To help get the initiative up and running as soon as possible, Rhian-Mari Thomas, chief executive officer of the Green Finance Institute and chair of the taskforce of financiers that authored the report for the fund’s blueprint, said some decisions have been made for “speed to market.”

It is now for Chancellor of the Exchequer Rachel Reeves and Treasury officials to make the final decisions in a review expected to be completed by the investment summit, Thomas said.

In remarks alongside the report’s publication on July 9, Reeves said the fund was being created in “less than a week” after the election and that there was “no time to waste.”

Fund Structure

One big issue will be whether the wealth fund will sit above or alongside other government-owned bodies, or if there is a wide-ranging shake up to consolidate the entities.

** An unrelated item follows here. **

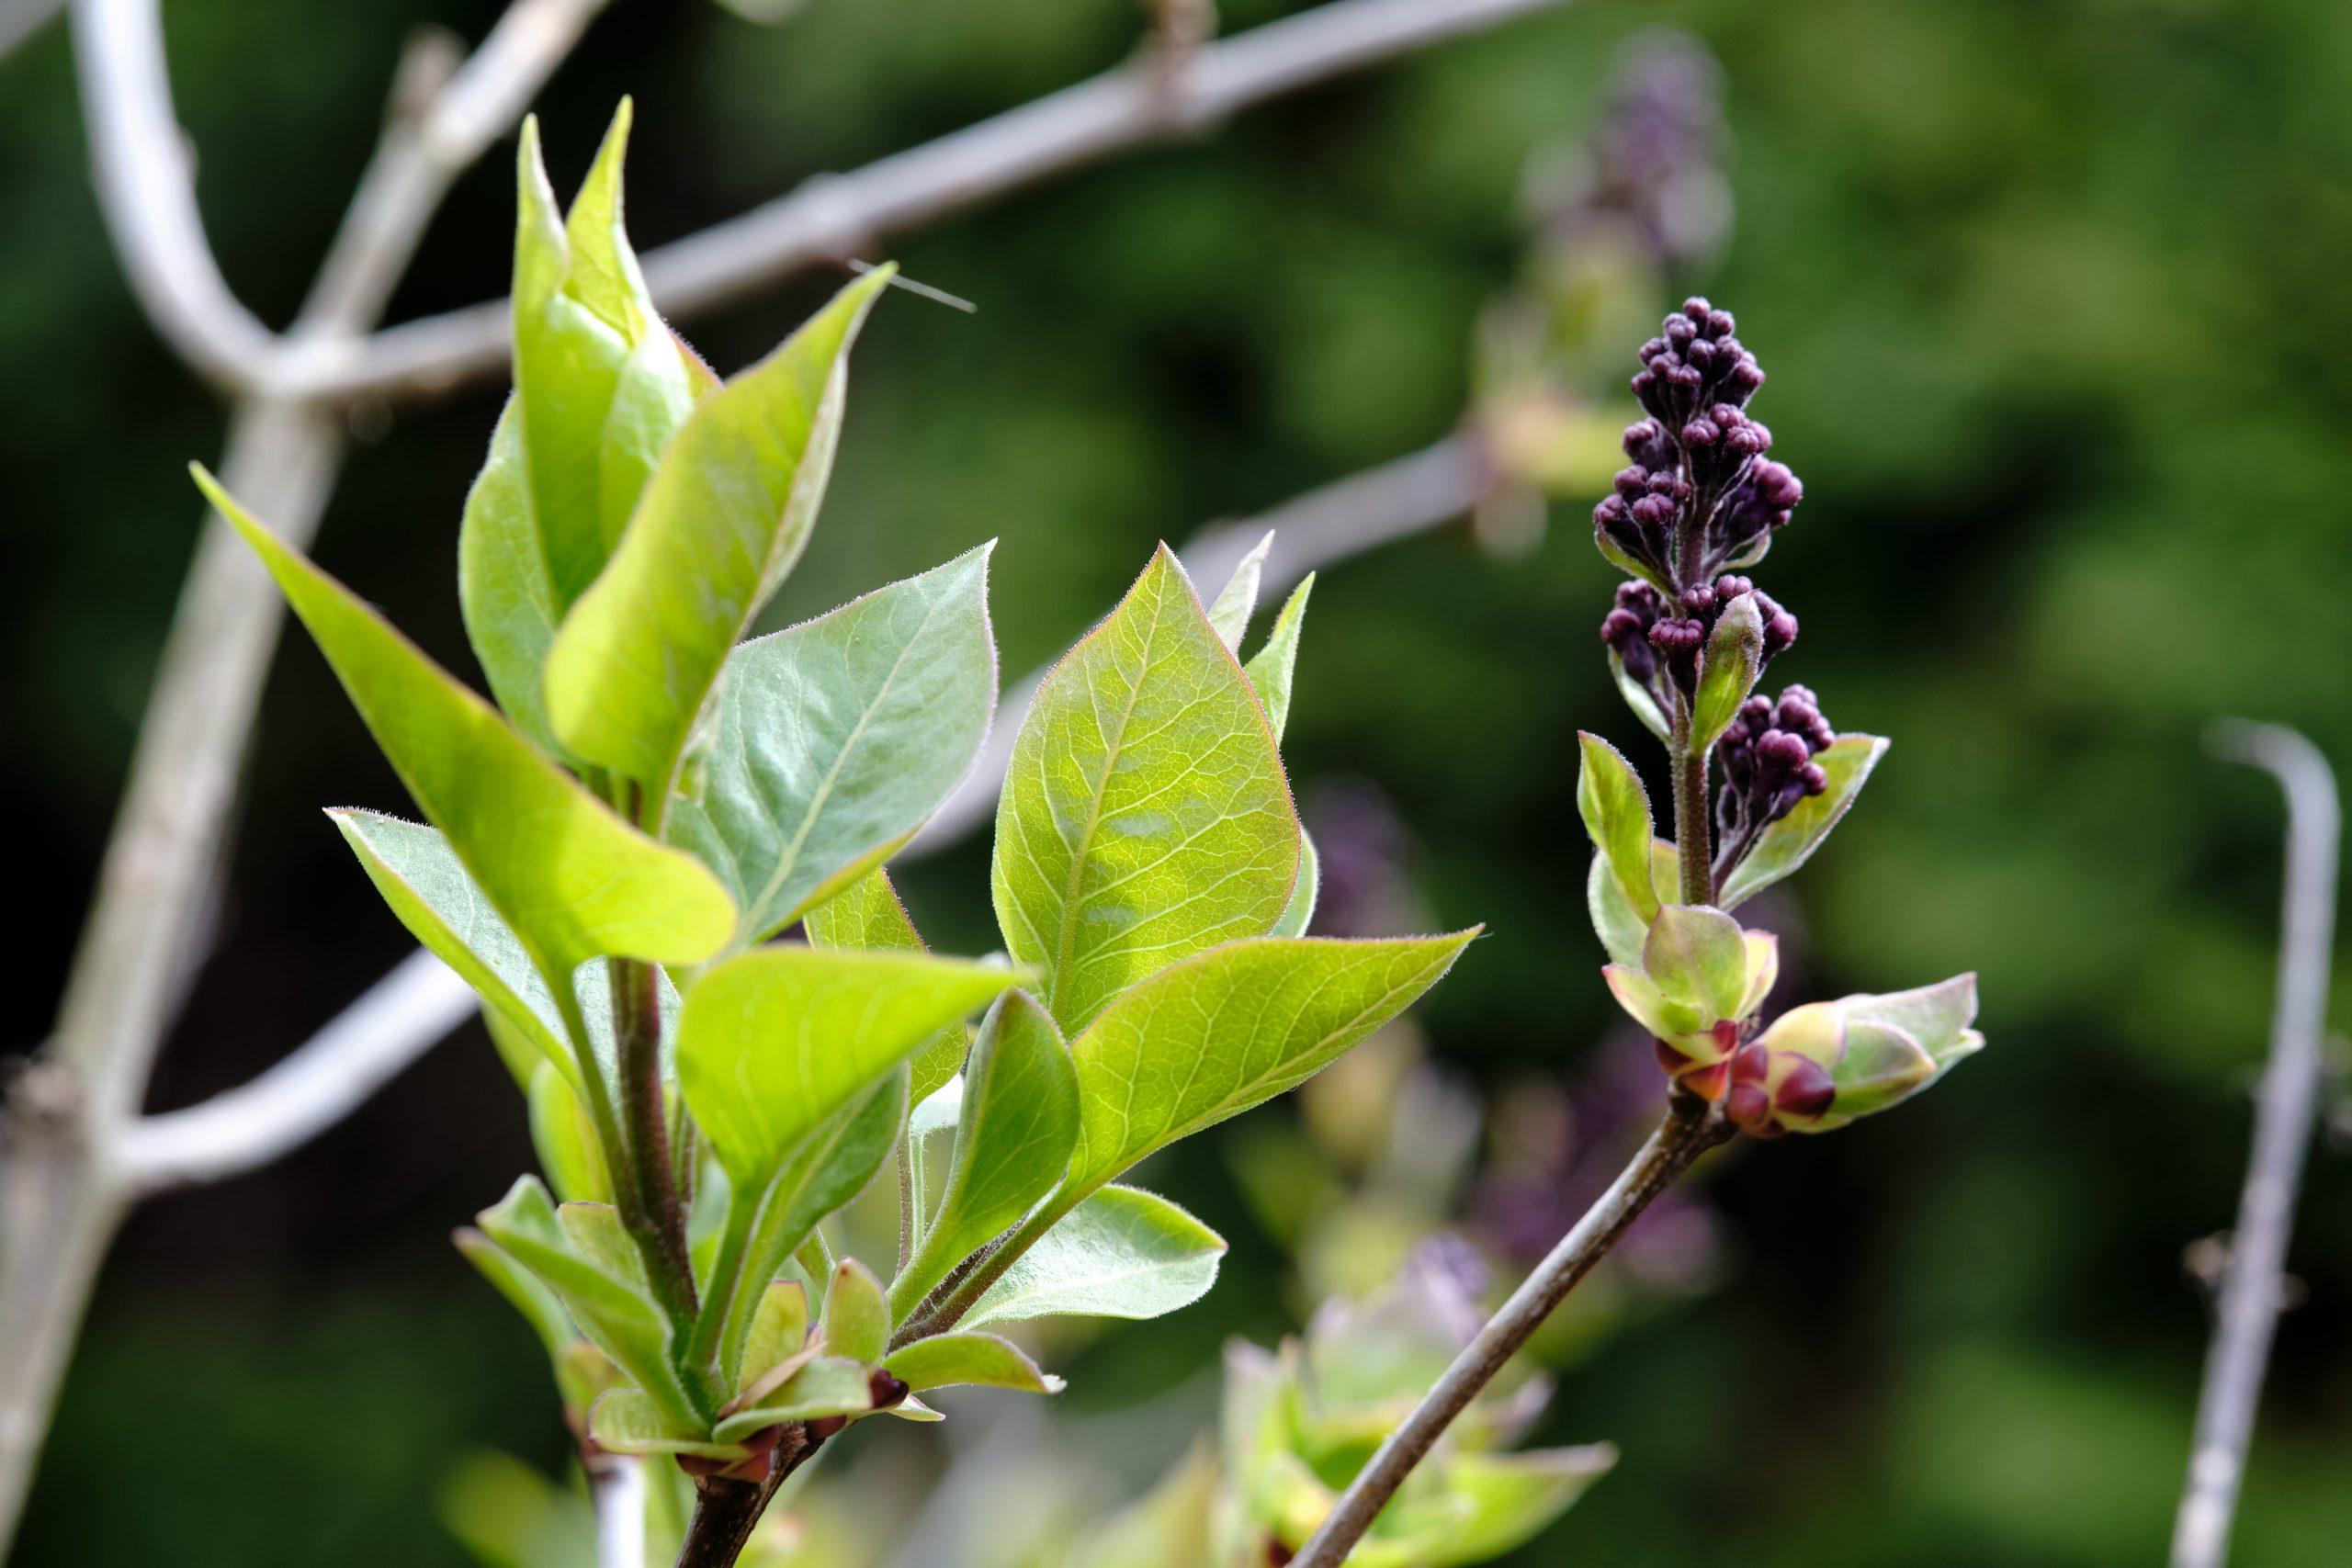 Lilac in Bloom 8 April 2021 Oregon Copyright Steve J Davis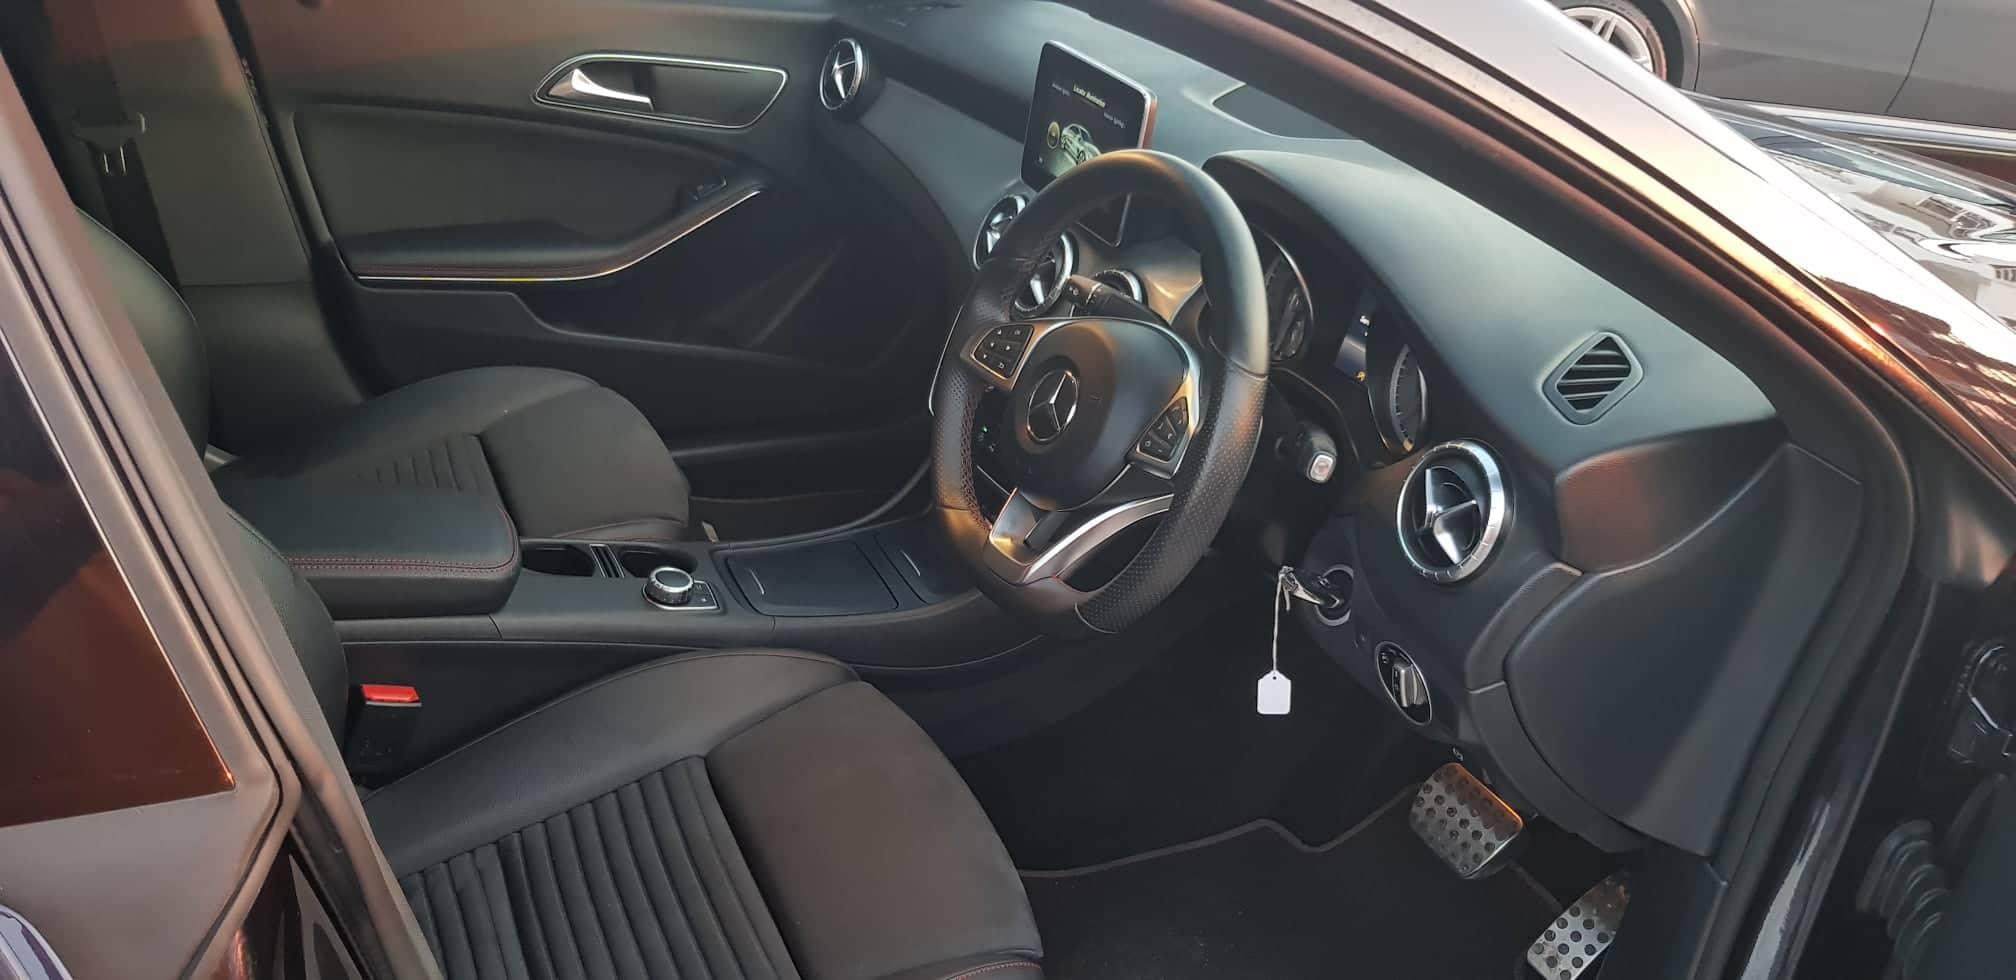 Mercedes Benz CLA 220D AMG

Initially, the government-owned UK Infrastructure Bank, set up in 2021 and run by former HSBC chief executive John Flint, will allocate money from the wealth fund, the Treasury said. Flint said he was “delighted” that the bank was being given extra funds to invest.

There will also be a role for the British Business Bank, which focuses on smaller enterprises. Its chief executive, Louis Taylor, said he hoped the fund would “create a single coherent governmental offer for businesses and a compelling proposition for investors.”

Streamlining the publicly owned agencies — which include the Scottish National Investment Bank, the Development Bank of Wales and the Advanced Research & Invention Agency — would increase the chance of success, according to Thomas.

“There’s genuine friction cost to organizations trying to navigate a fragmented landscape,” she said. Private investors have been frustrated in the past by approaching one body with an idea to be told “that’s not my mandate,” she added.